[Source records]
============
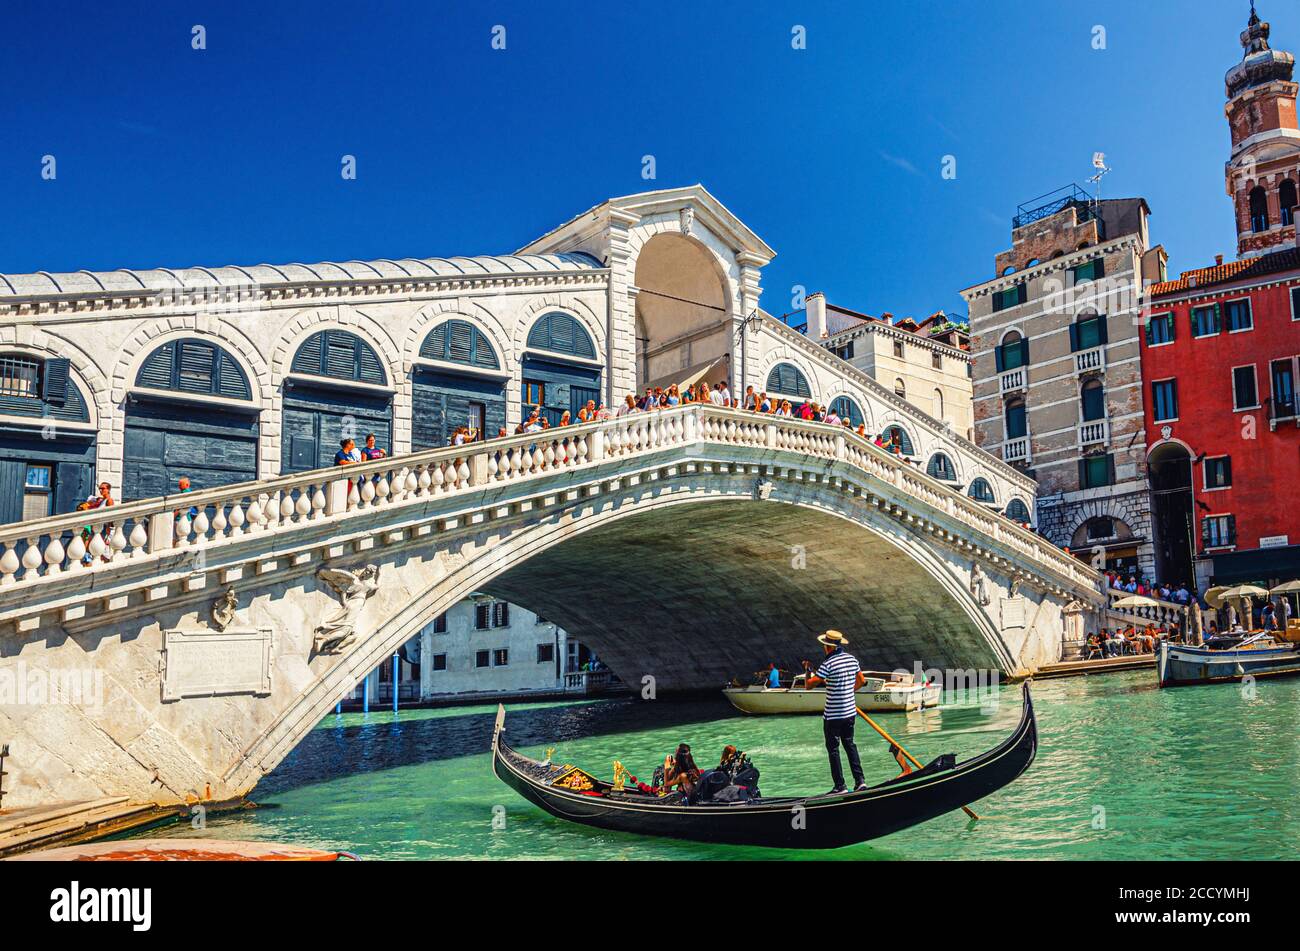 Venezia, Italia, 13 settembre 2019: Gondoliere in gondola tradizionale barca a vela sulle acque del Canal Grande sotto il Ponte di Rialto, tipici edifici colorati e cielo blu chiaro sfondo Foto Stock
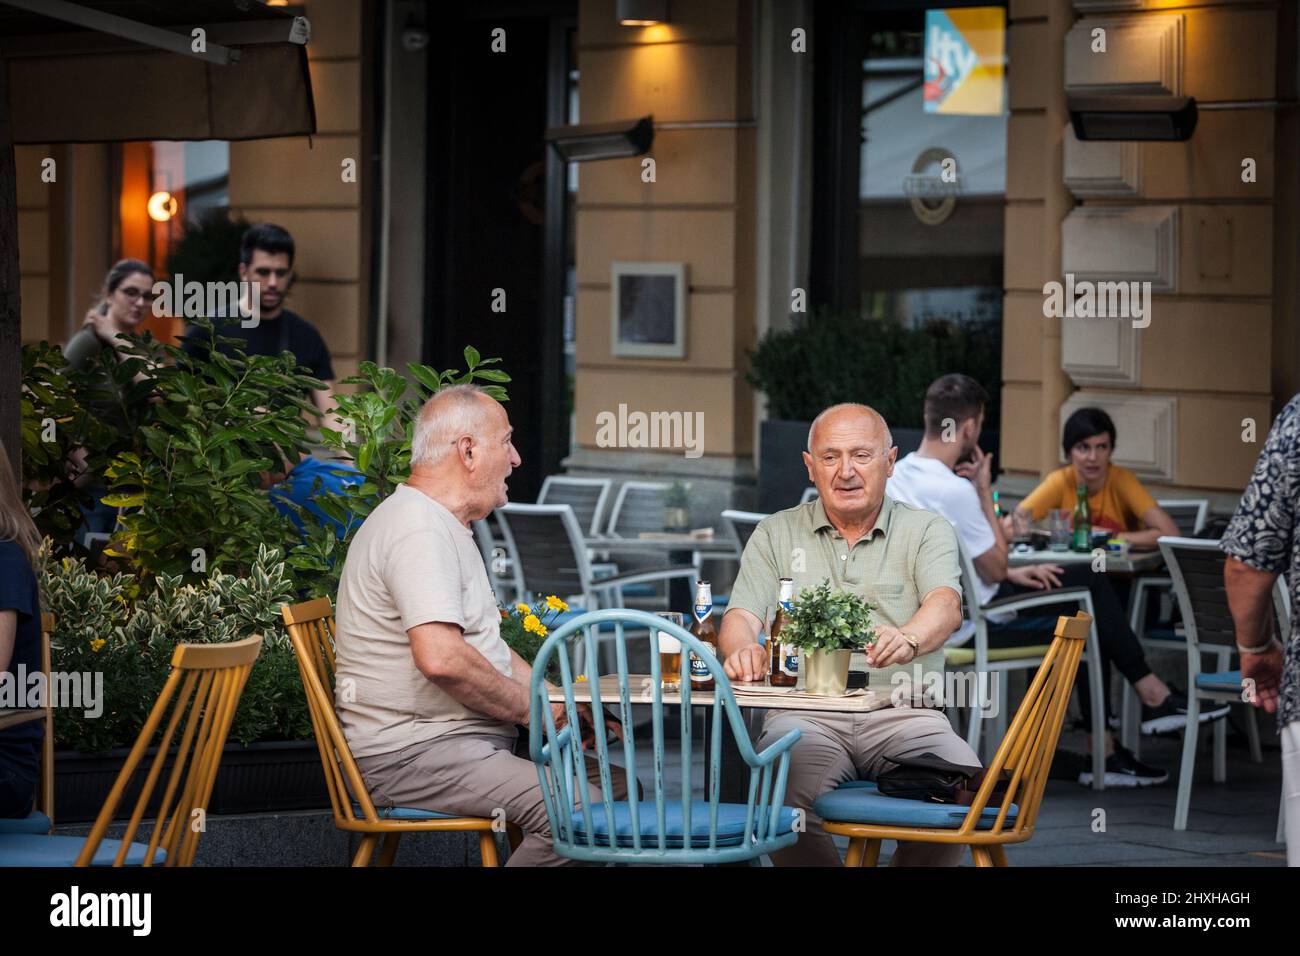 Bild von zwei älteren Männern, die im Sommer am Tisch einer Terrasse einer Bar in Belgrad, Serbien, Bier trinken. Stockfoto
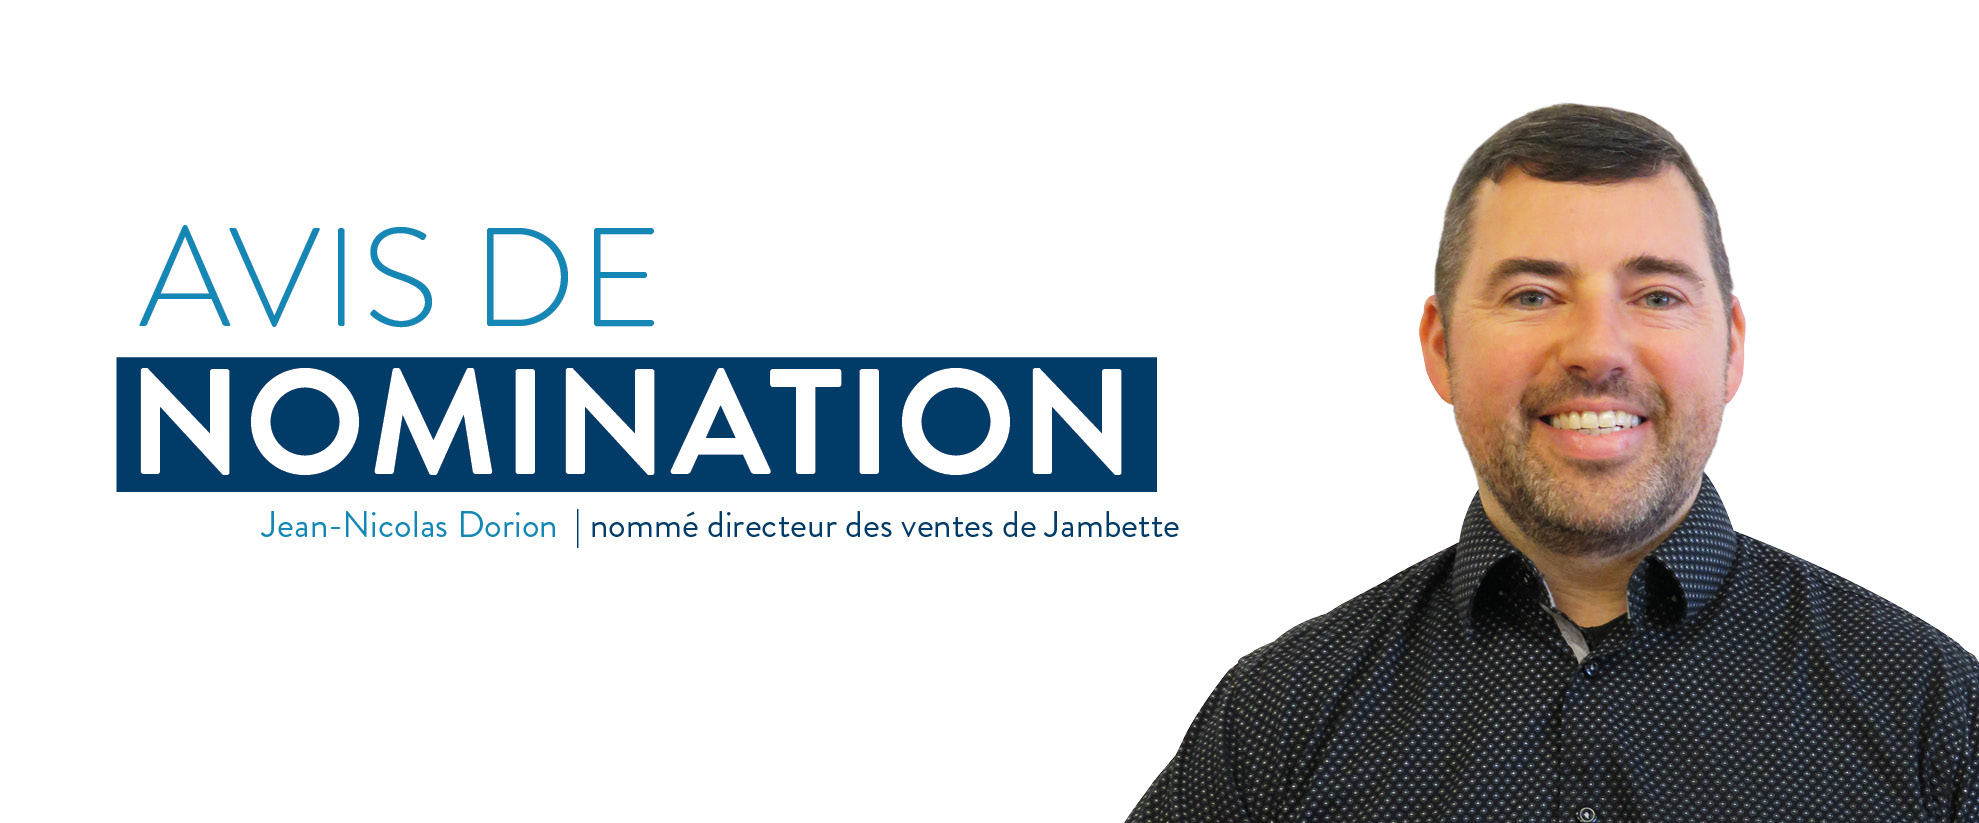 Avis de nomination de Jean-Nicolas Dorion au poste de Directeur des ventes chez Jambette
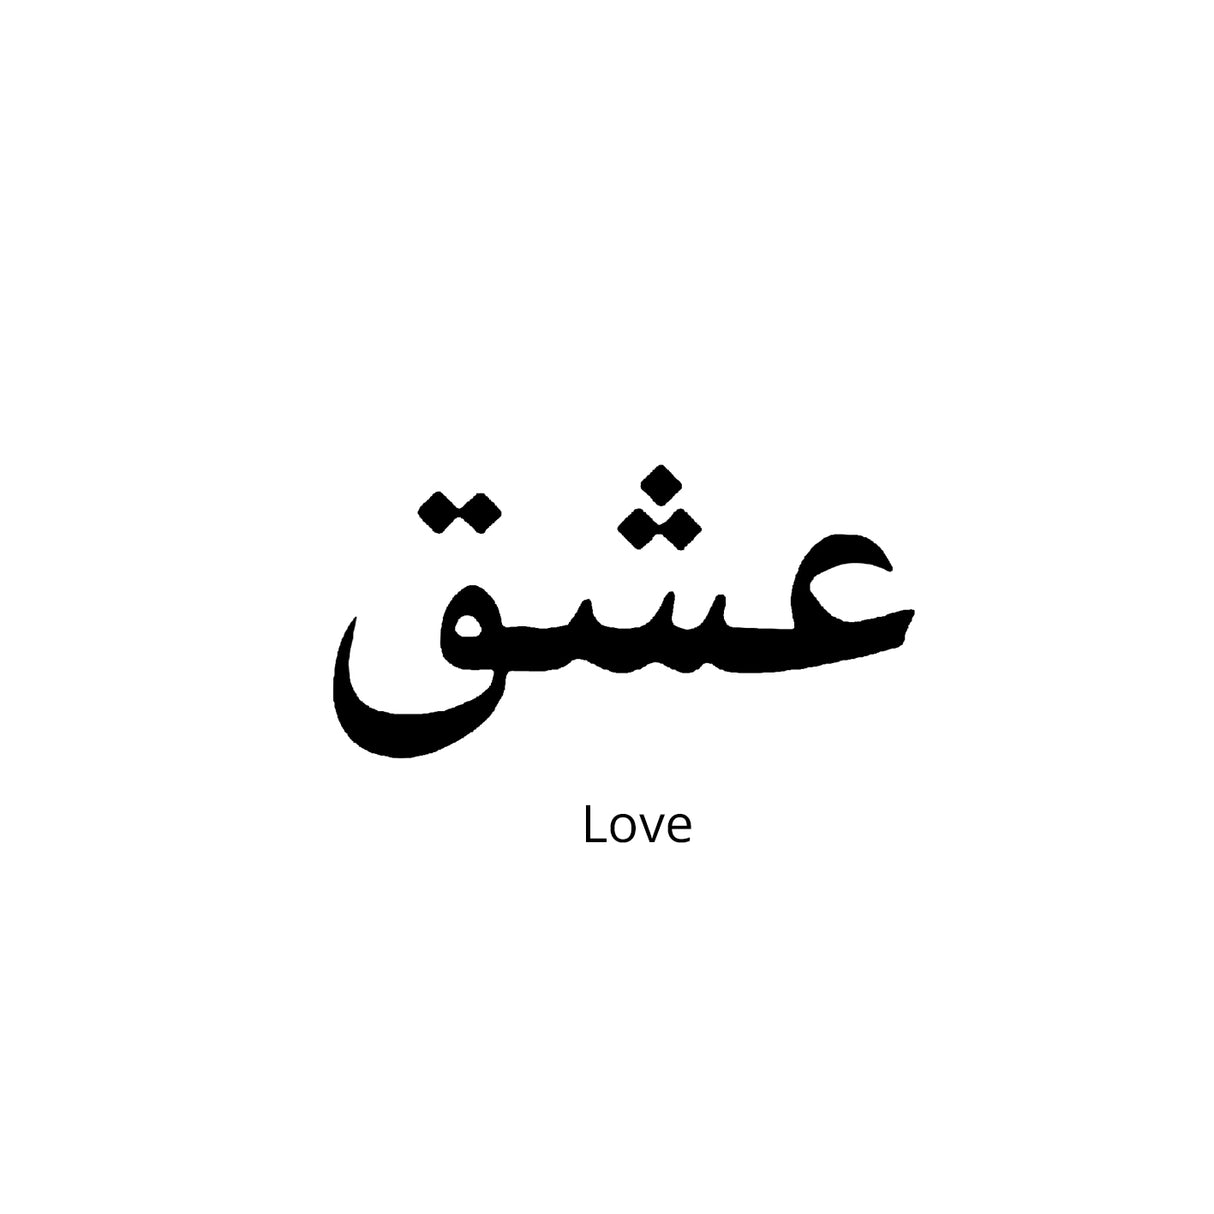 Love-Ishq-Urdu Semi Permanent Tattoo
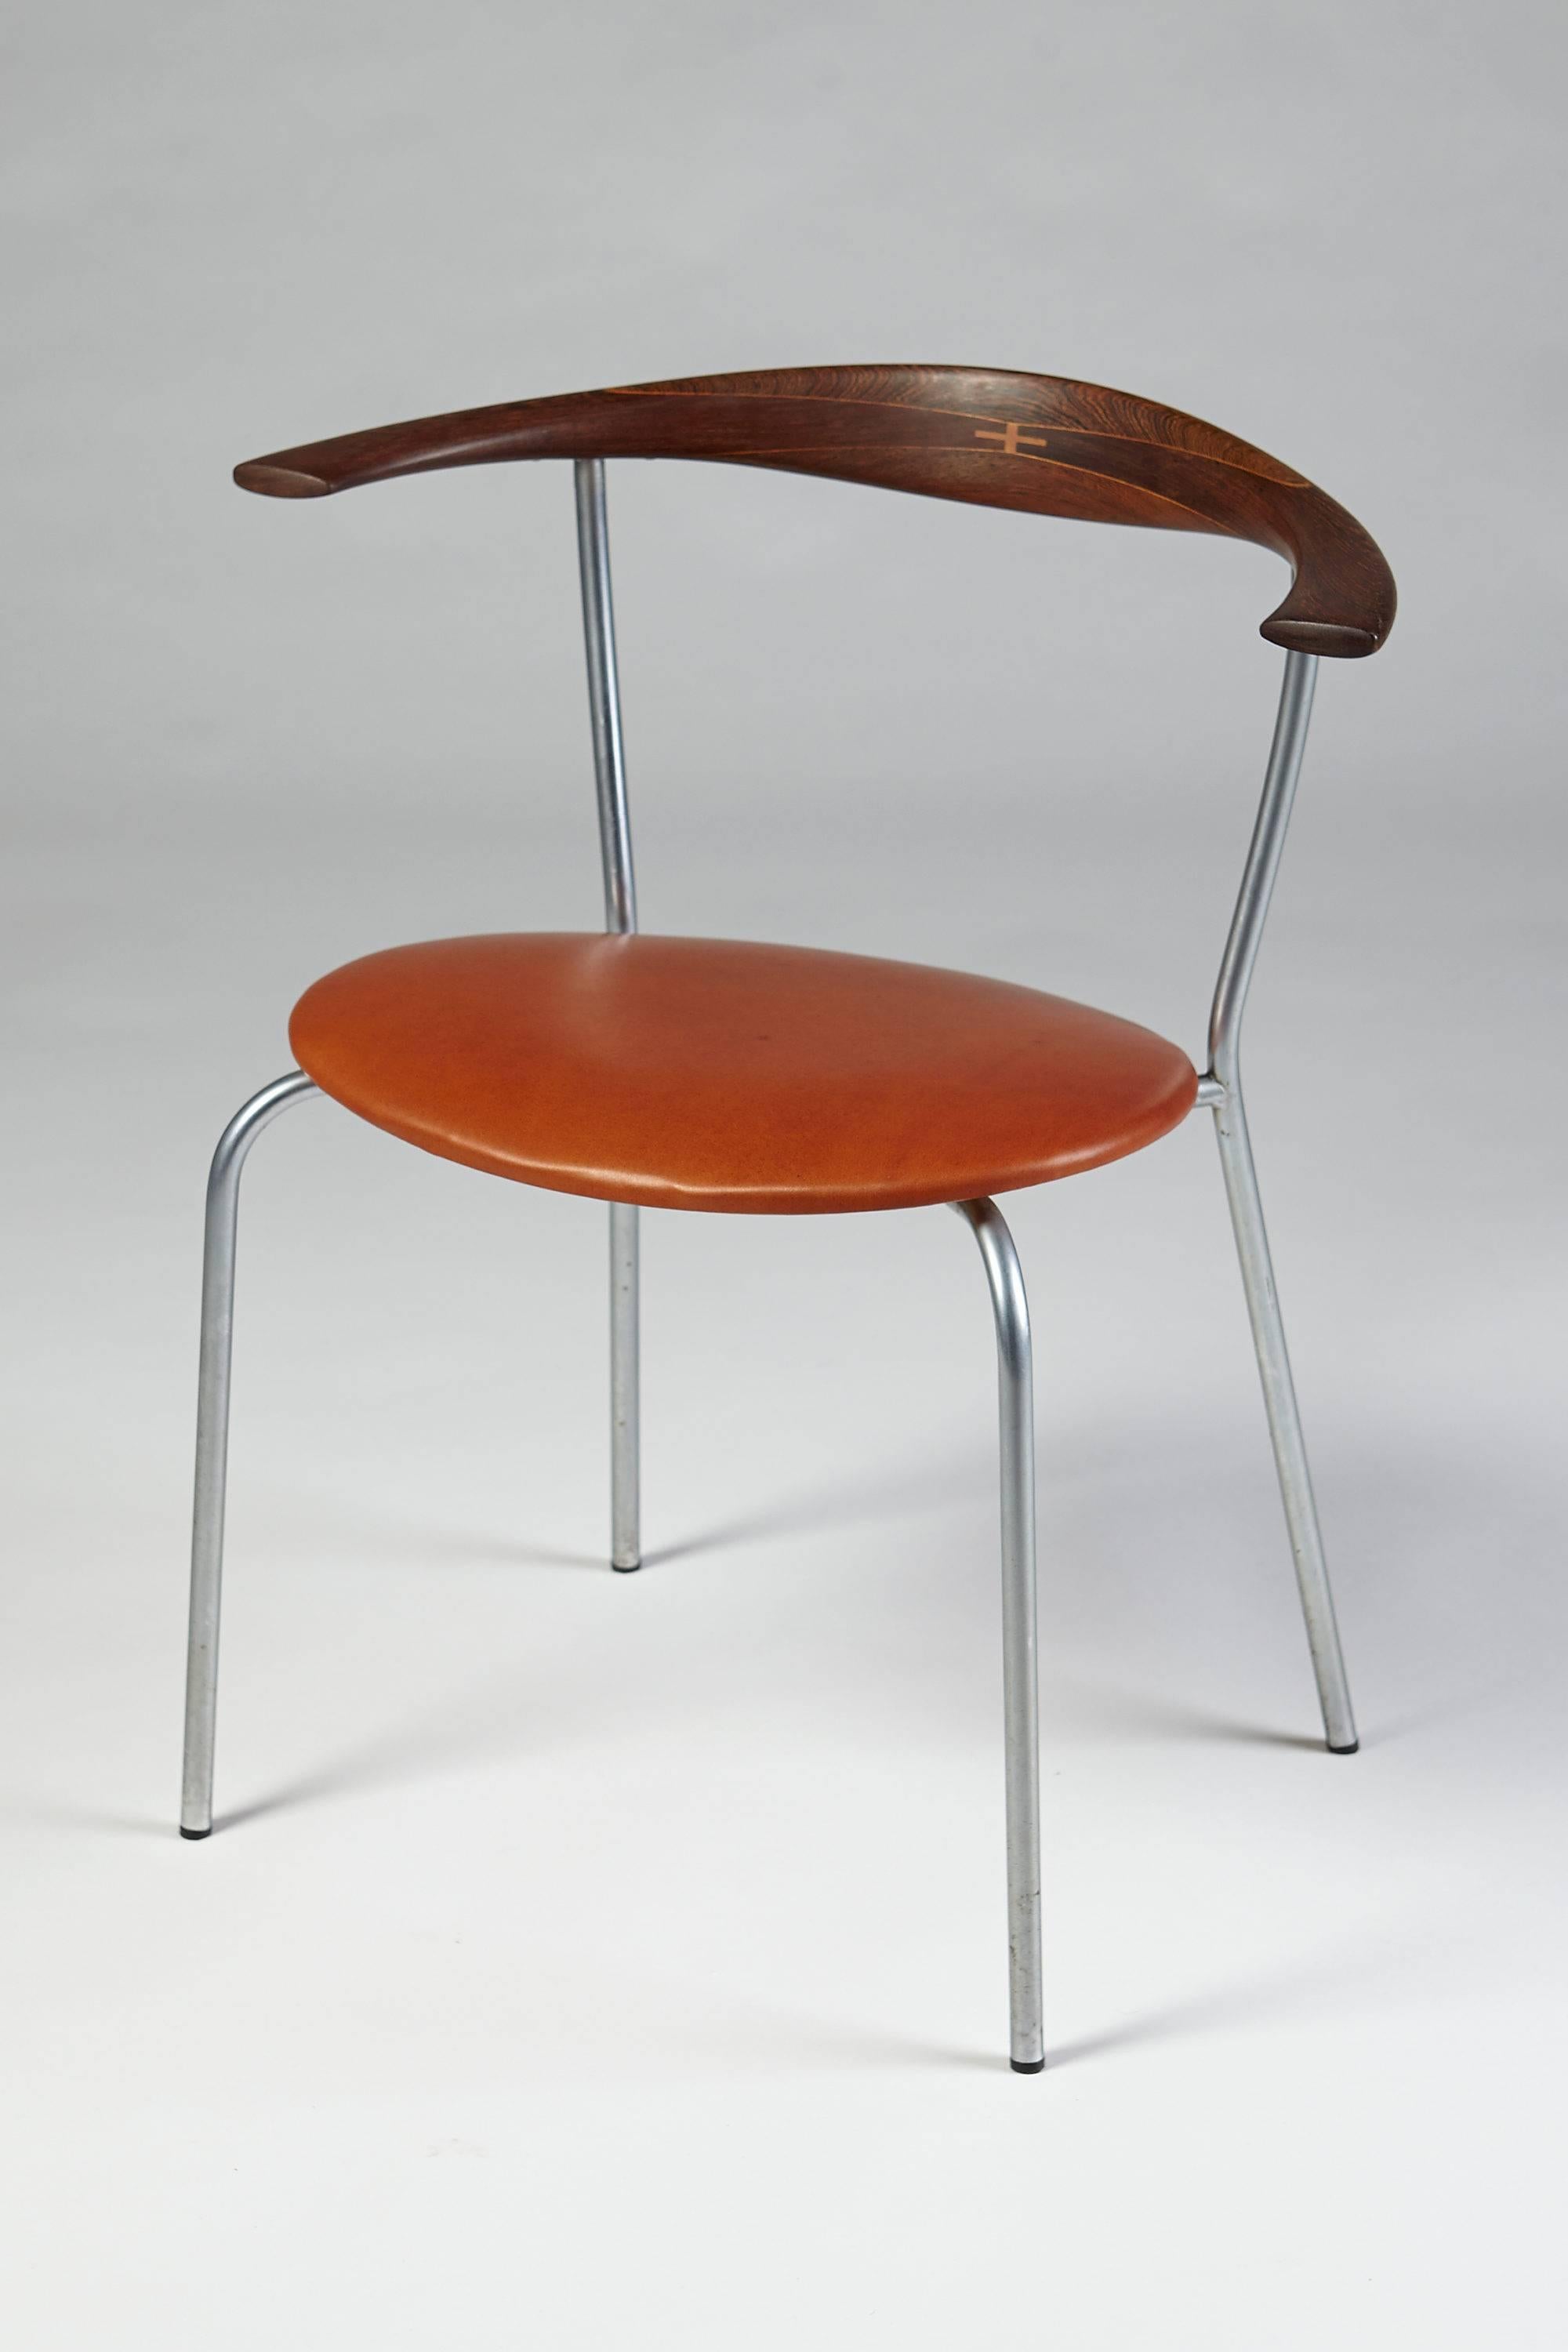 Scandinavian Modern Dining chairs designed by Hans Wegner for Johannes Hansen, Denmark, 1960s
============
Return an exact transcription of the entries above, excluding each image.

SOLUTION TO THE PROBLEM:
 Venezia, Italia, 13 settembre 2019: Gondoliere in gondola tradizionale barca a vela sulle acque del Canal Grande sotto il Ponte di Rialto, tipici edifici colorati e cielo blu chiaro sfondo Foto Stock
 Bild von zwei älteren Männern, die im Sommer am Tisch einer Terrasse einer Bar in Belgrad, Serbien, Bier trinken. Stockfoto
 Avis de nomination de Jean-Nicolas Dorion au poste de Directeur des ventes chez Jambette
 Love-Ishq-Urdu Semi Permanent Tattoo
 Scandinavian Modern Dining chairs designed by Hans Wegner for Johannes Hansen, Denmark, 1960s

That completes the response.